Барон фон Гринвальдус,

Сей доблестный рыцарь,

Все в той же позицьи

На камне сидит.

 

Здесь нет ищдевательства над рыцарством как таковым. Кто знает – может быть, Амалья и достойна подобных жертв. Может быть, цель барона  Гринвальдуса действительно высока и значительна. Но есть и серьезное опасение, что прутковский барон слишком много теряет, пока другие бароны воюют и пируют. Контекст баллады преднамеренно размыт – здесь царит та же неопределенность, незавершенность, что в реальной, пестрой жизни. Возникают два взаимоисключающих смысла: непонимание окружающими, в том числе повествователем Прутковым, таинственной цели одинокого рыцаря – и осуждение ложно понятого рыцарского долга, ложной цели с точки зрения трезвой житейской логики. Художественная суть баллады – энергичное соотношение этих двух смыслов, их диалог, их борьба. Глубокая и динамичная ирония помогает ориентироваться в разноголосом споре смыслов, ощущать подвижность границы между серьезным и смешным. Этим она резко отличается от вялой бытовой циничной иронии, безразличной к истине и к добру. Примечательно, что Александр Блок, не раз страстно выступавший против опасности превращения иронии из средства в цель, был в то же время неизменным «почитателем Козьмы». Прутков – это мост, перекинутый от романтической иронии эпохи Гейне и Лермонтова к суровой и мужественной ироничности блоковской музы.

Ироническая отшлифованность во многом обусловила художественную долговечность прутковского слова, защитила его от коррозии времени. Старение литературы начинается с языка. Средние и заурядные произведения минувших эпох трудно читать прежде всего потому, что язык их кажется нам нарочитым или наивным.
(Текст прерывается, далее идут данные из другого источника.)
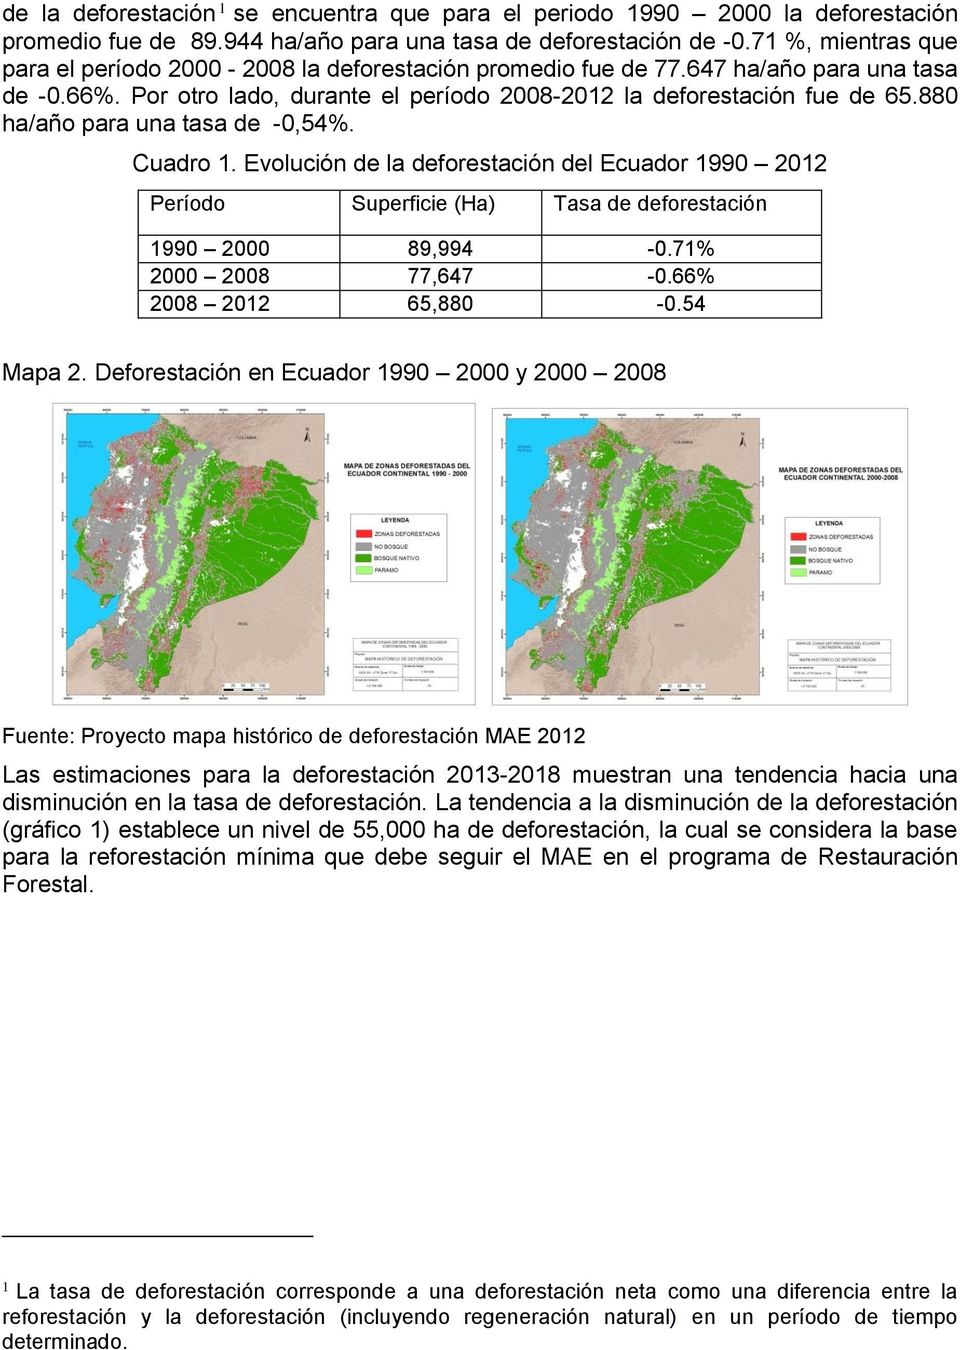 88 ha/año para una tasa de -,54%. Cuadro 1. Evolución de la deforestación del Ecuador 199 212 Período Superficie (Ha) Tasa de deforestación 199 2 89,994 -.71% 2 28 77,647 -.66% 28 212 65,88 -.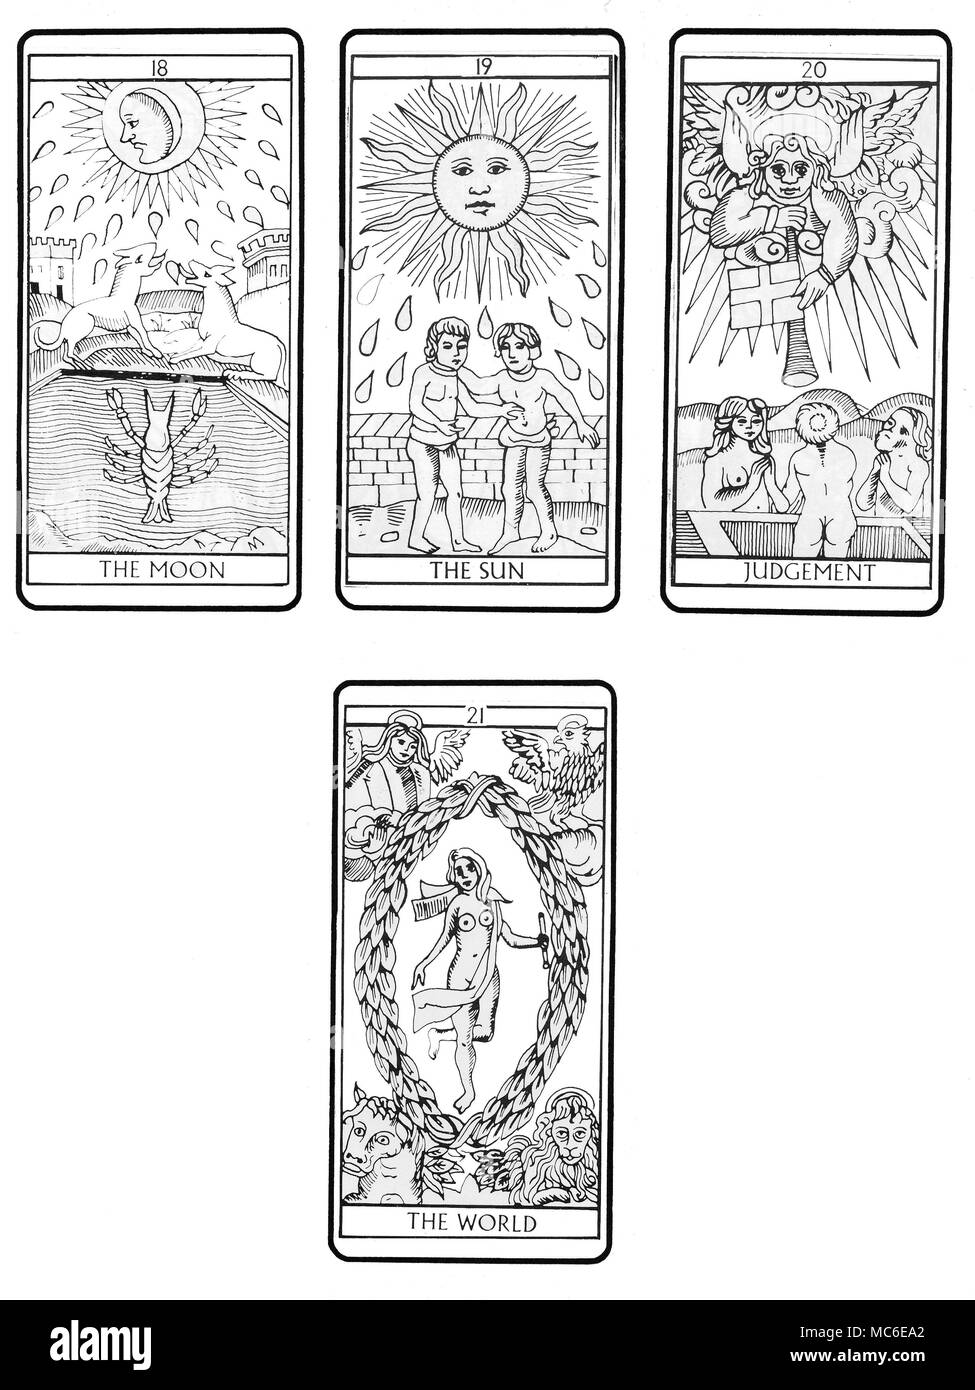 Cartes de TAROT DE MARSEILLE - PLATE-FORME Le quatrième et dernier lot (de  quatre) dans l'ordre de 22 cartes de Tarot (en fonction de la conception de  Marseille traditionnel), à partir de

Создатели Пруткова, кстати, виртуозно использовали этот эффект в «Гисторических материалах Федота Кузьмича Пруткова»: язык деда, замысловатые «мемории» которого написаны в духе ХУШ века, смешил своей архаичностью <36> уже современников Пруткова-внука. Но это сознательная стилизация, а язык основных произведений прутковского свода звучит для нас вполне естественно. Мы то и дело цитируем Пруткова. О затянувшемся деле говорим: «Все в той же позиции», осуждая манерность, вспоминаем знаменитого ханжу, не просто любившего сыр, но находившего в нем вкус…

Особенно же часто прибегаем мы к «Мыслям и афоризмам» Пруткова. Причем важно, что к сокращенной прутковской мудрости мы обращаемся не с целью однозначного подтверждения своей собственной мысли, а в ситуации контакта, диалога. Если мы говорим кому-то: «Смотри в корень!», - то тем самым или упрекаем собеседника в его былой недальновидности, или выражем сомнение в том, что он до корня доберется. Когда изрекаем: «Глядя на мир, нельзя не удивляться!» или «На дне каждого сердца есть осадок», - мы подшучиваем над глубокомыслием как таковым, перенося часть иронии на самих себя…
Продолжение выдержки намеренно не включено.